DATA RECORDS –
- Opening Delimiter -

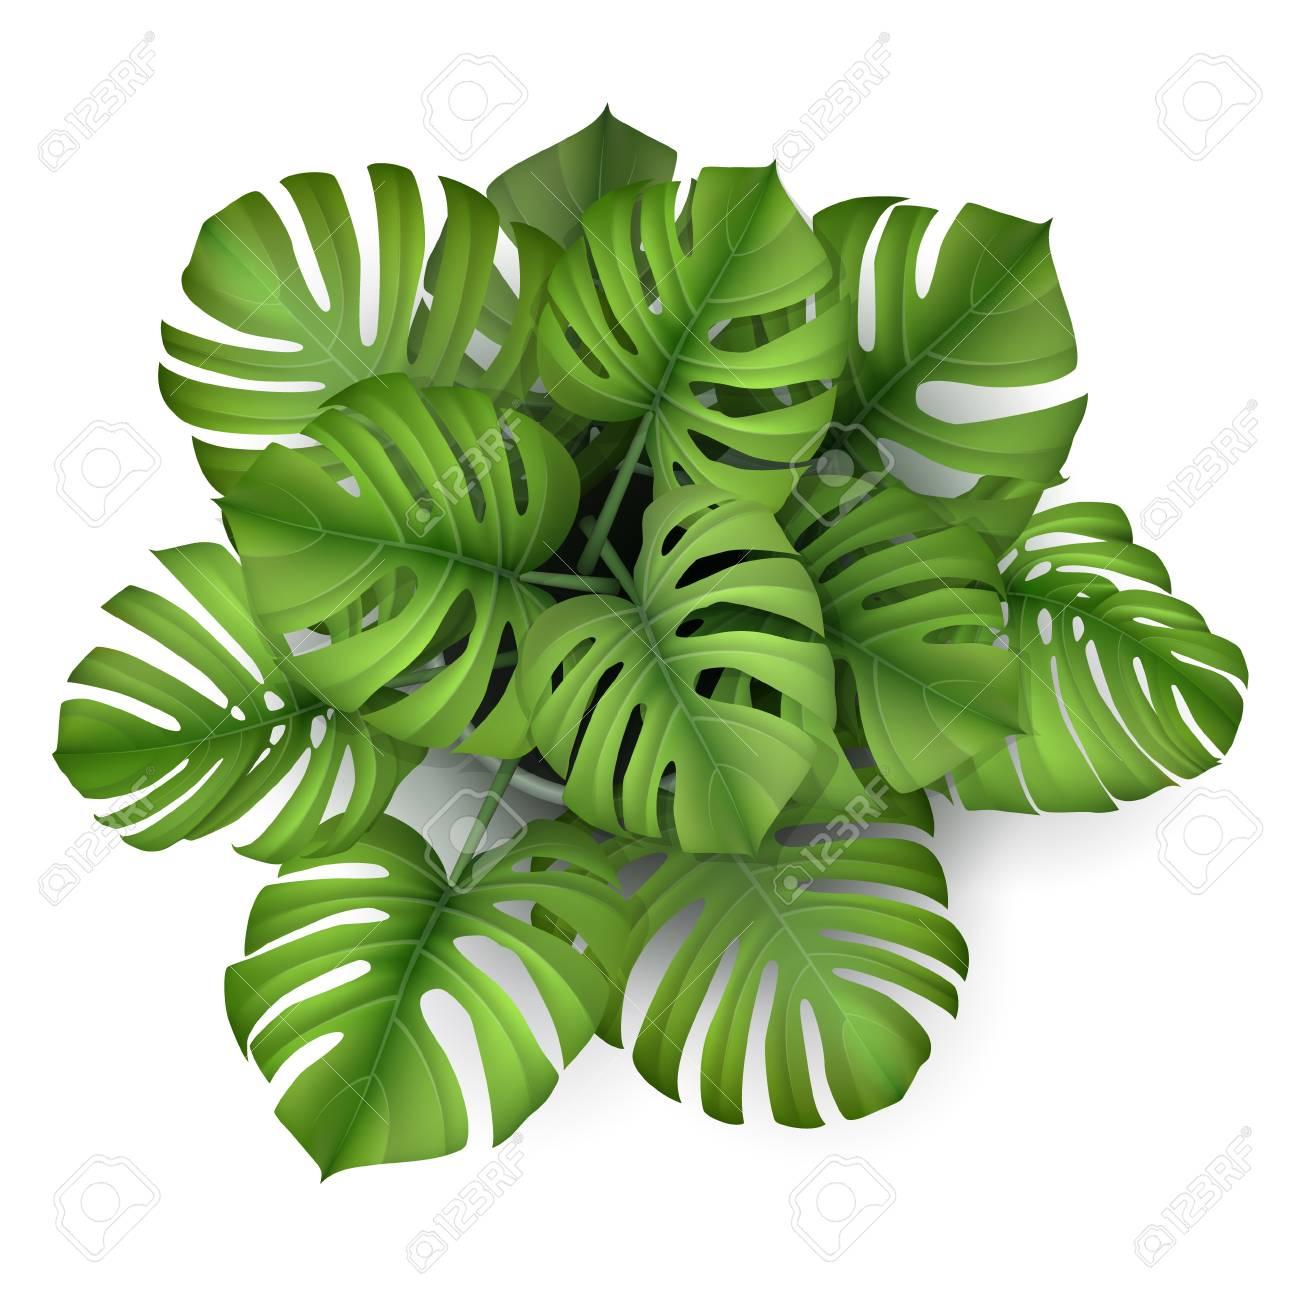 Monstera plant in a pot, top view. Houseplant for decorating.. on philodendron houseplant, avocado houseplant, flacourtia indica, ficus houseplant, nephthytis houseplant, coccoloba uvifera, hovenia dulcis, dovyalis caffra, marsdenia australis, syzygium fibrosum, colocasia esculenta, pleiogynium timorense, xanthosoma sagittifolium, lemon drop mangosteen, myrica rubra, monstera epipremnoides, pothos houseplant, dieffenbachia houseplant, codiaeum variegatum, sansevieria trifasciata,
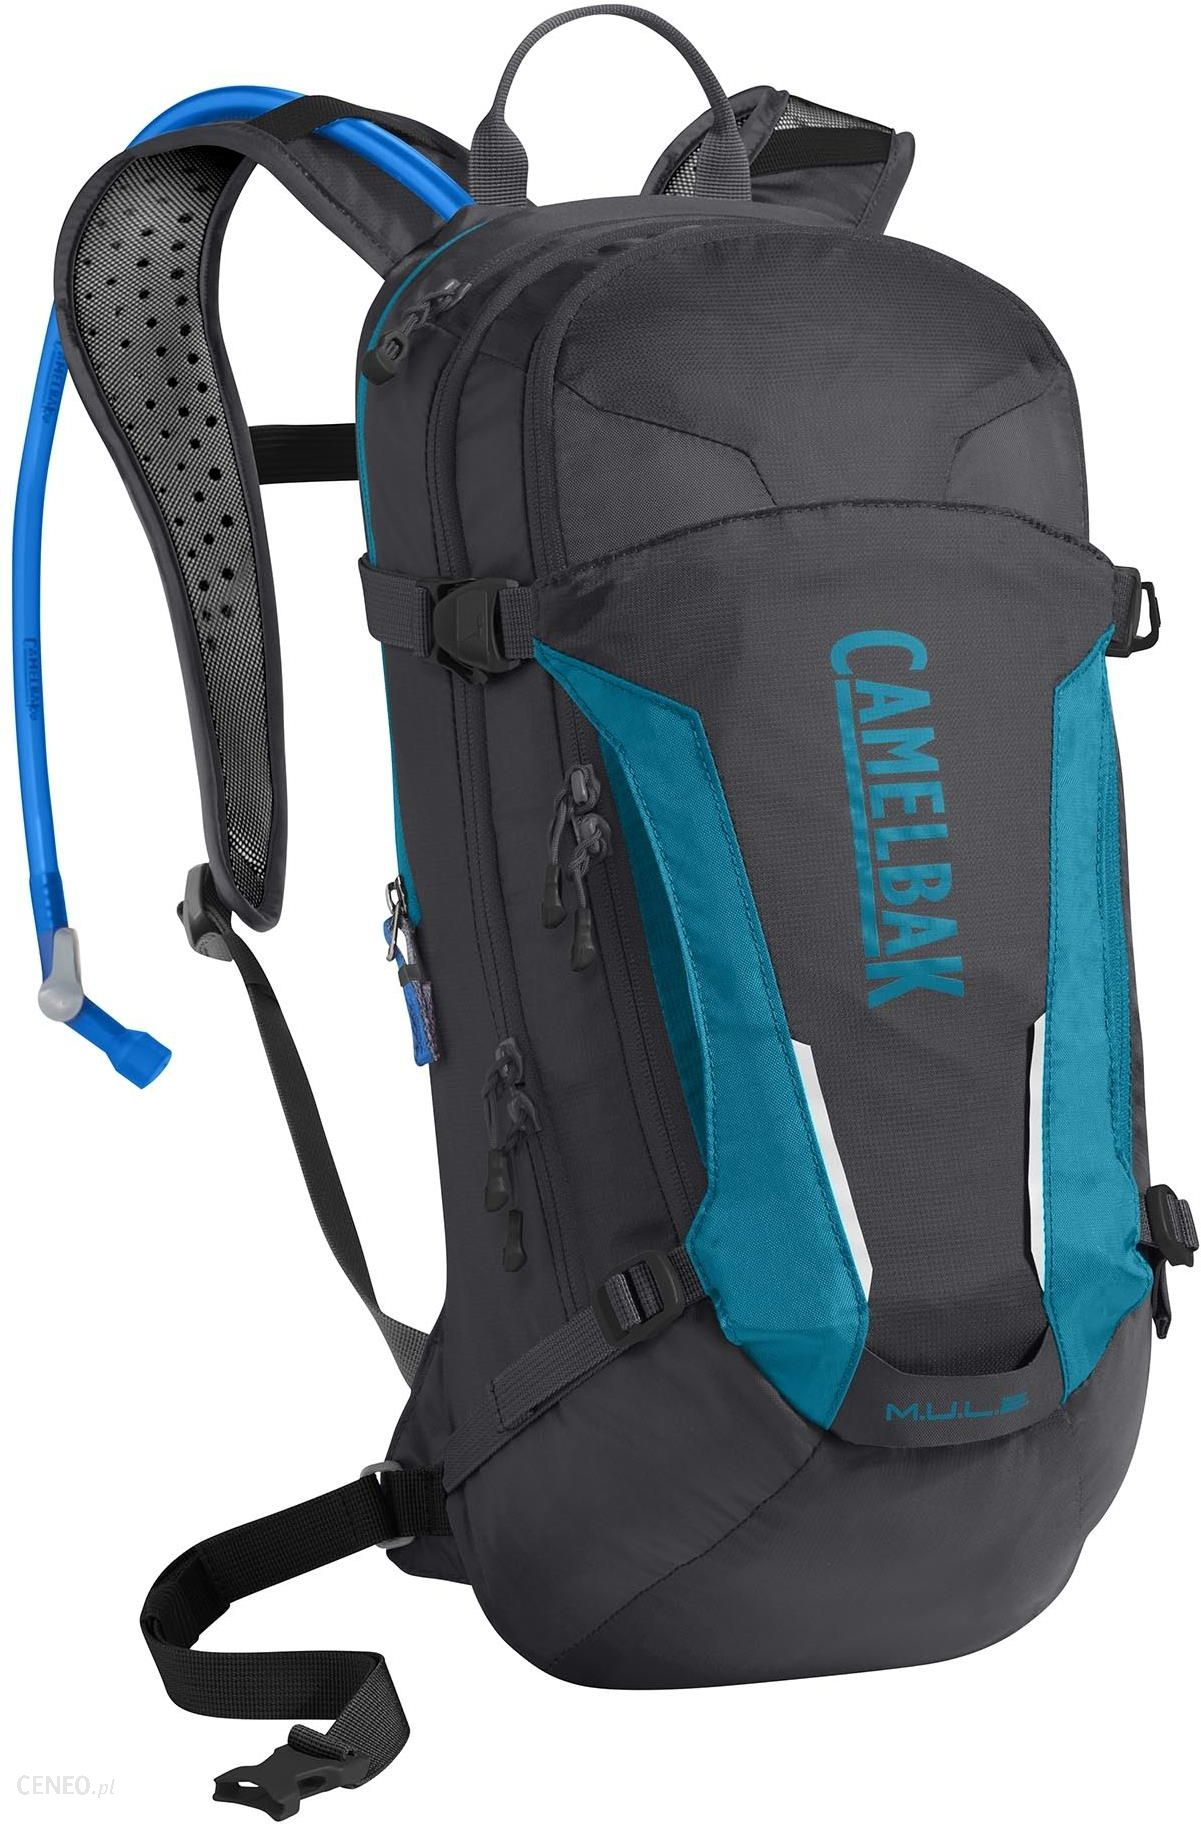 7c6d1b9611d79 Plecak Camelbak Plecak Mule Charcoal Tea Kielce - Sklepy, ceny i ...
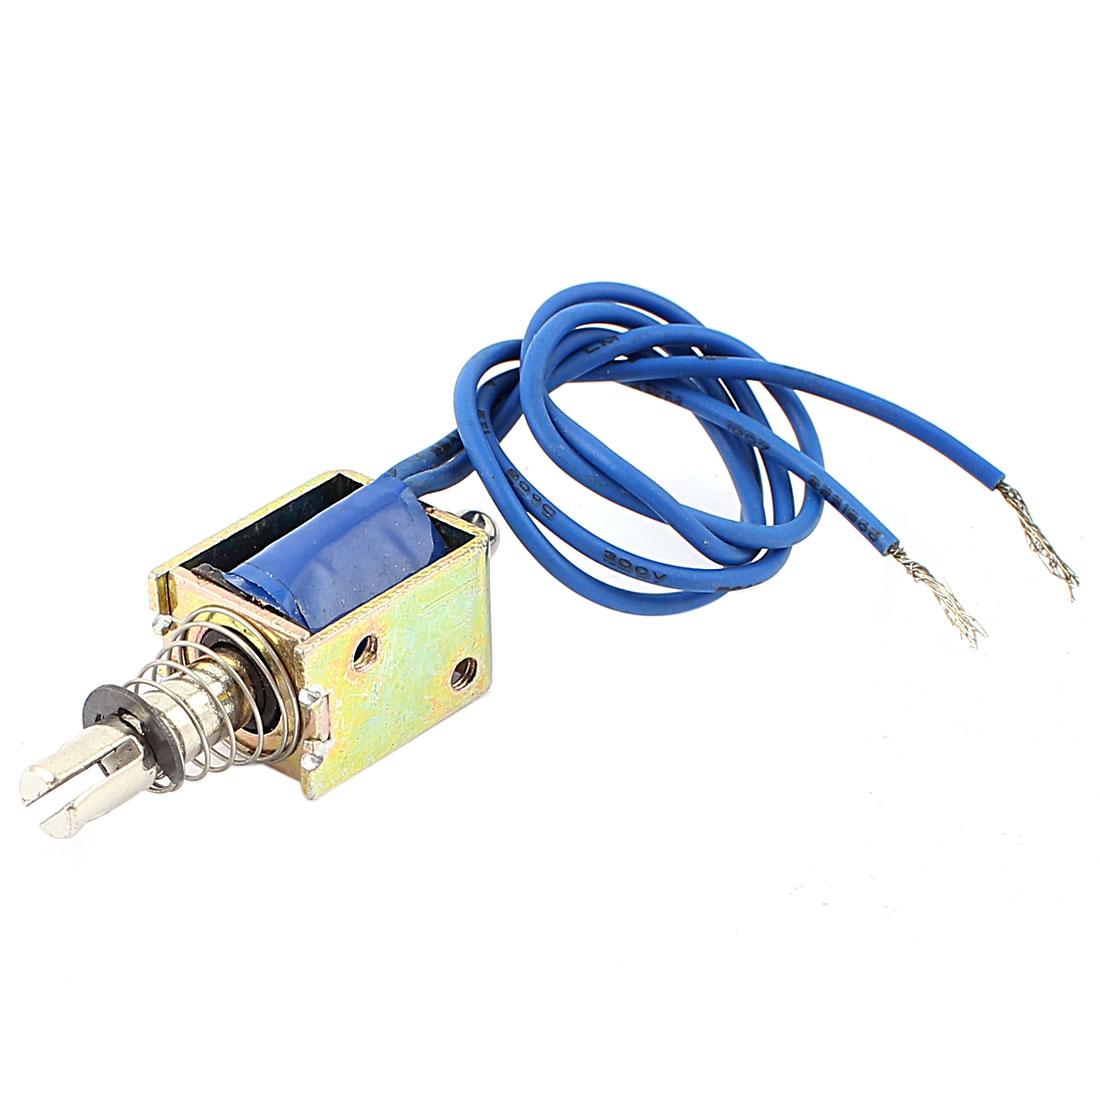 Push Pull Type DIY DC Electromagnet Magnet Solenoid 10mm 4N DC 12V 0.7A
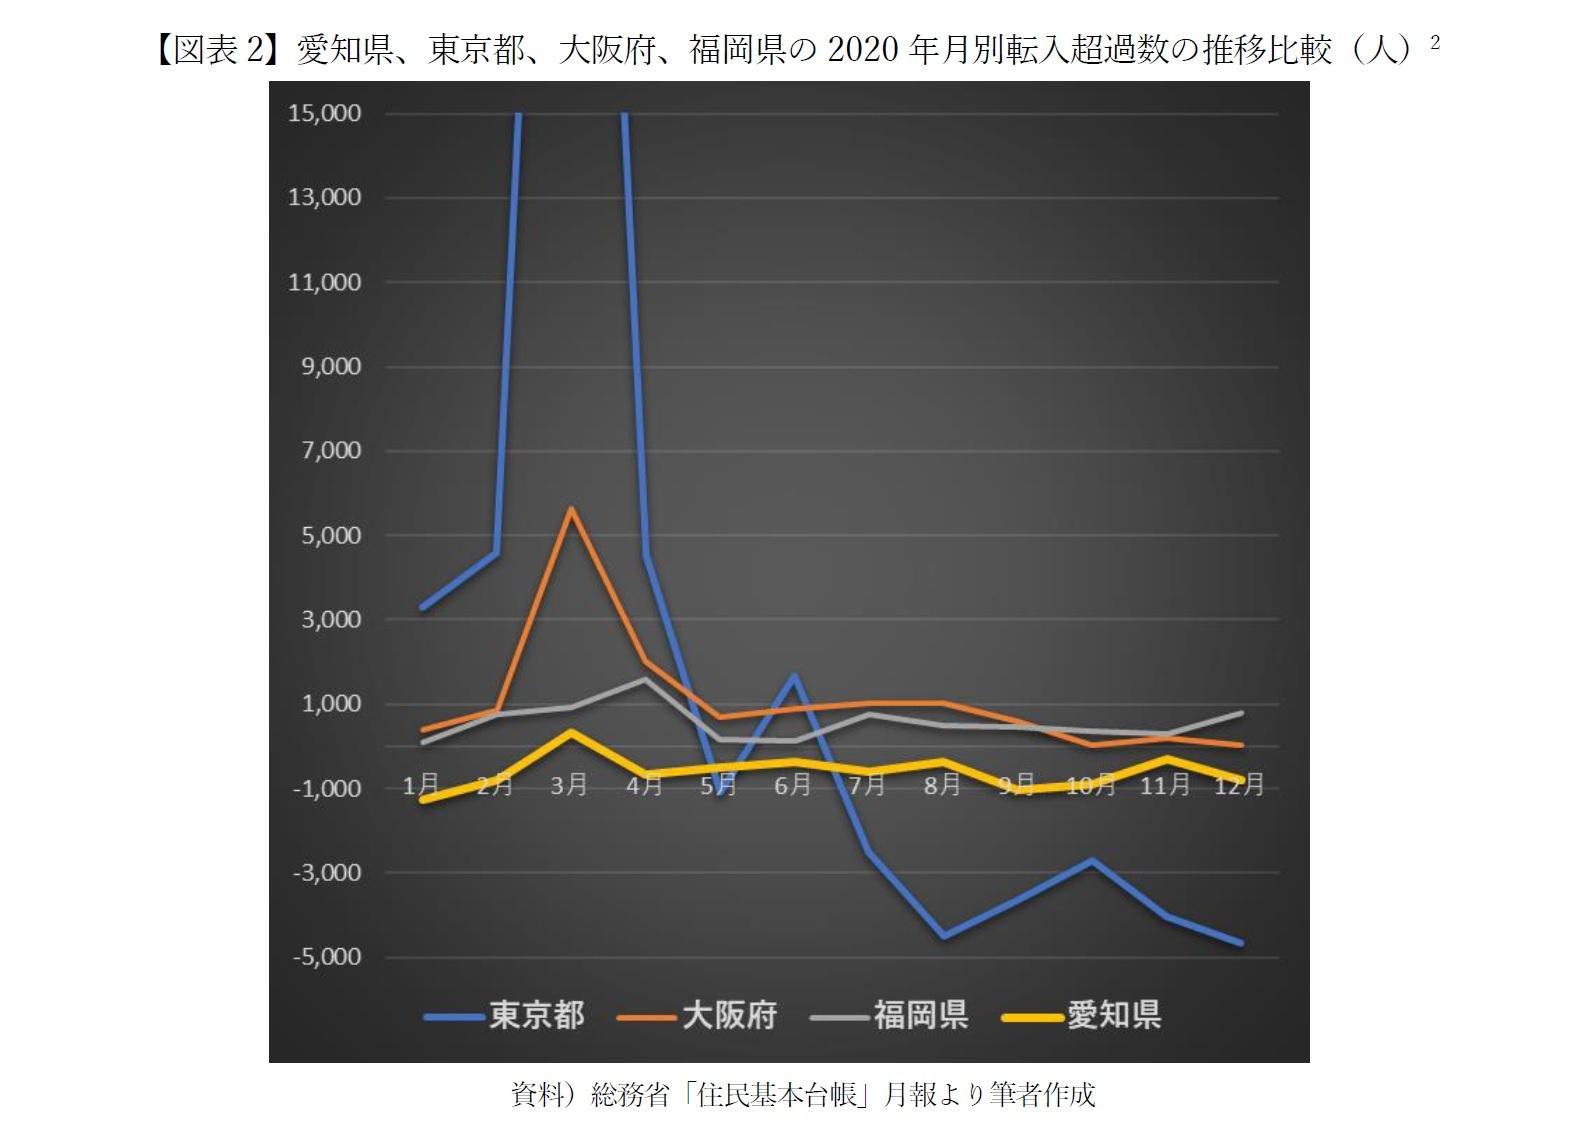 【図表2】愛知県、東京都、大阪府、福岡県の2020年月別転入超過数の推移比較(人)
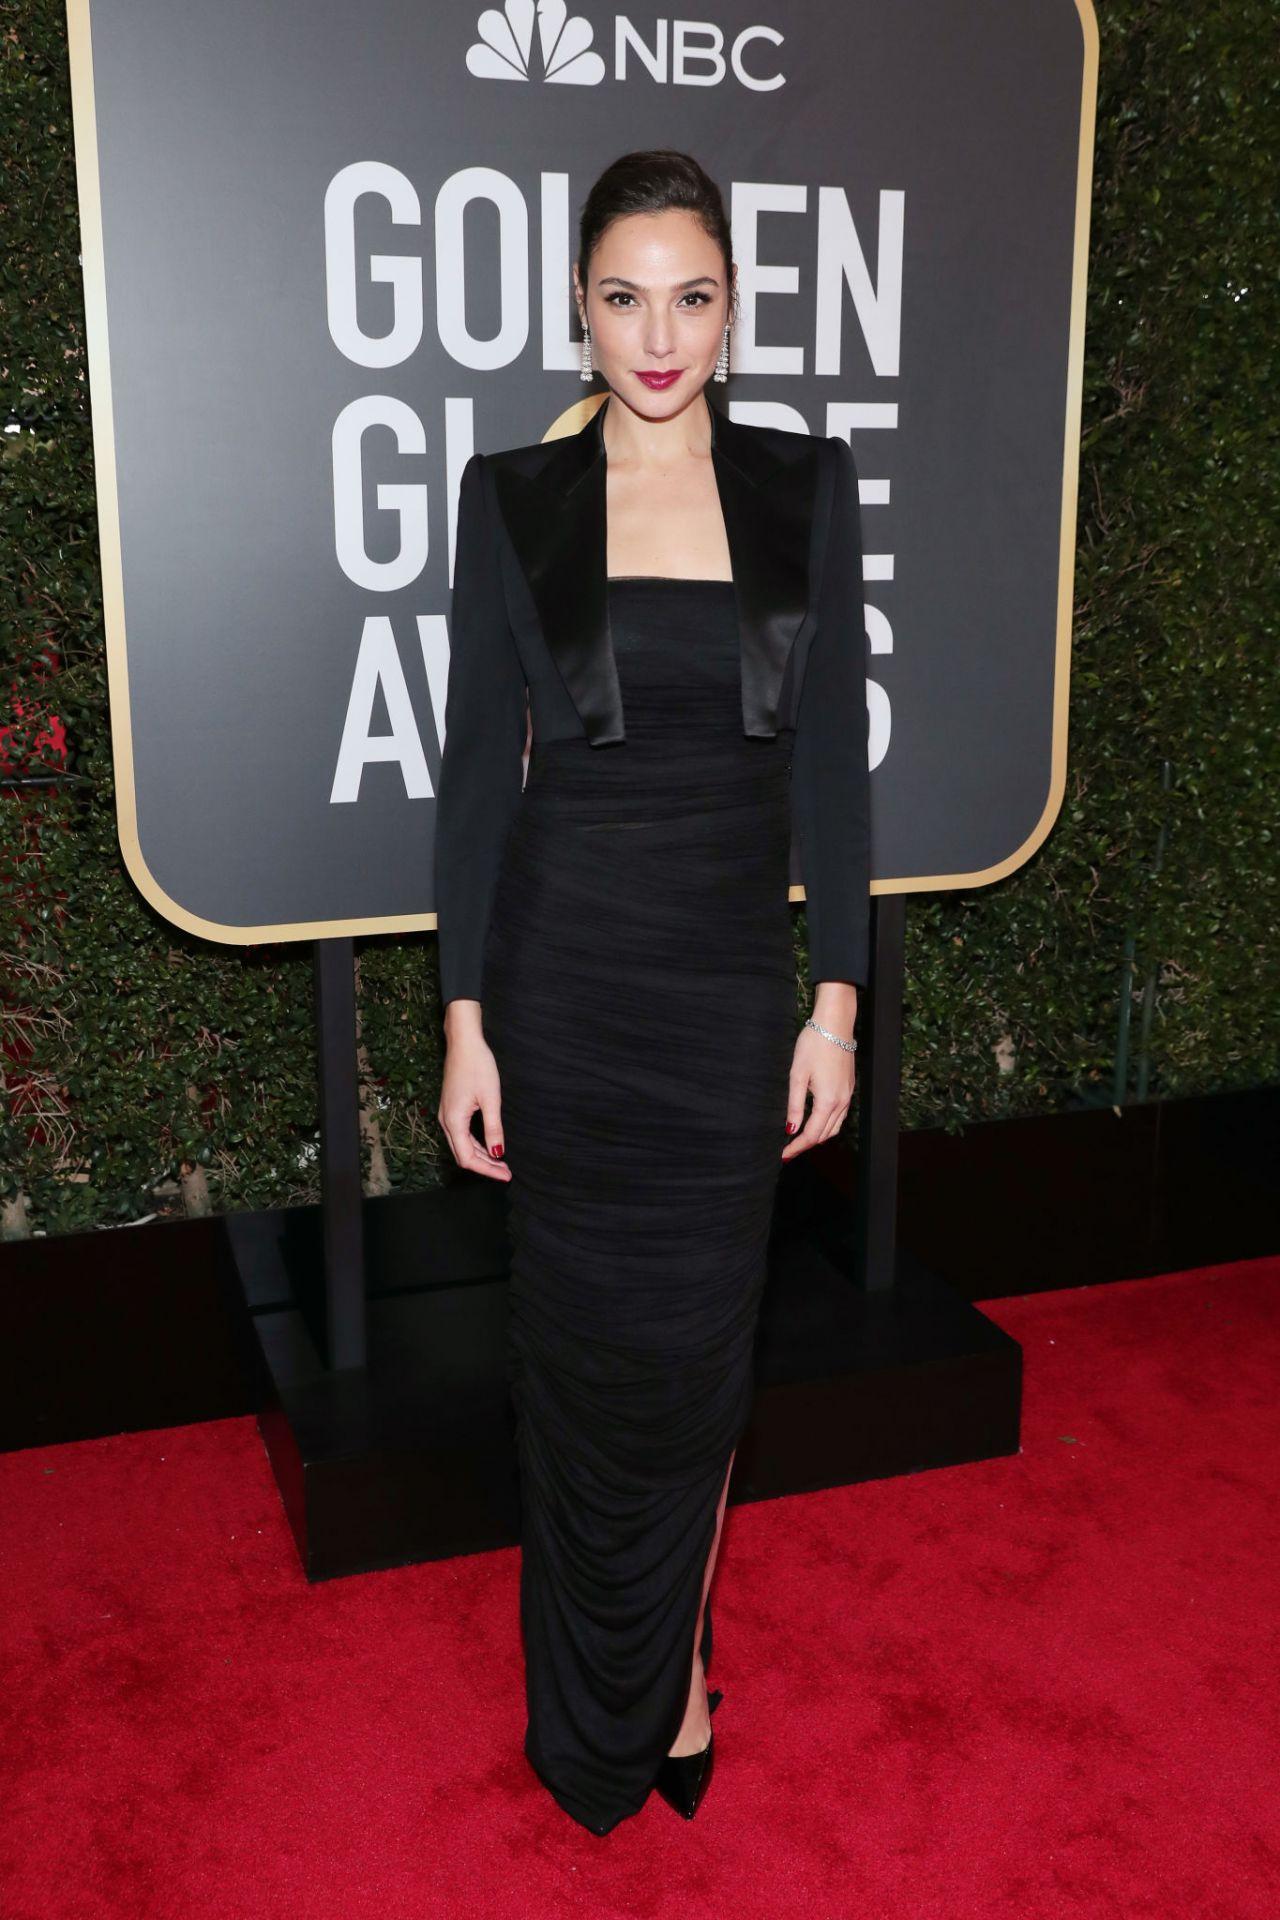 http://celebmafia.com/wp-content/uploads/2018/01/gal-gadot-golden-globe-awards-2018-9.jpg

- Closing Delimiter -

Give again, word for word, the line containing "Push Pull Type" and every line after it to the end of the records; leave out the pictures.

RESULT –
 Push Pull Type DIY DC Electromagnet Magnet Solenoid 10mm 4N DC 12V 0.7A
 【図表2】愛知県、東京都、大阪府、福岡県の2020年月別転入超過数の推移比較(人)
 http://celebmafia.com/wp-content/uploads/2018/01/gal-gadot-golden-globe-awards-2018-9.jpg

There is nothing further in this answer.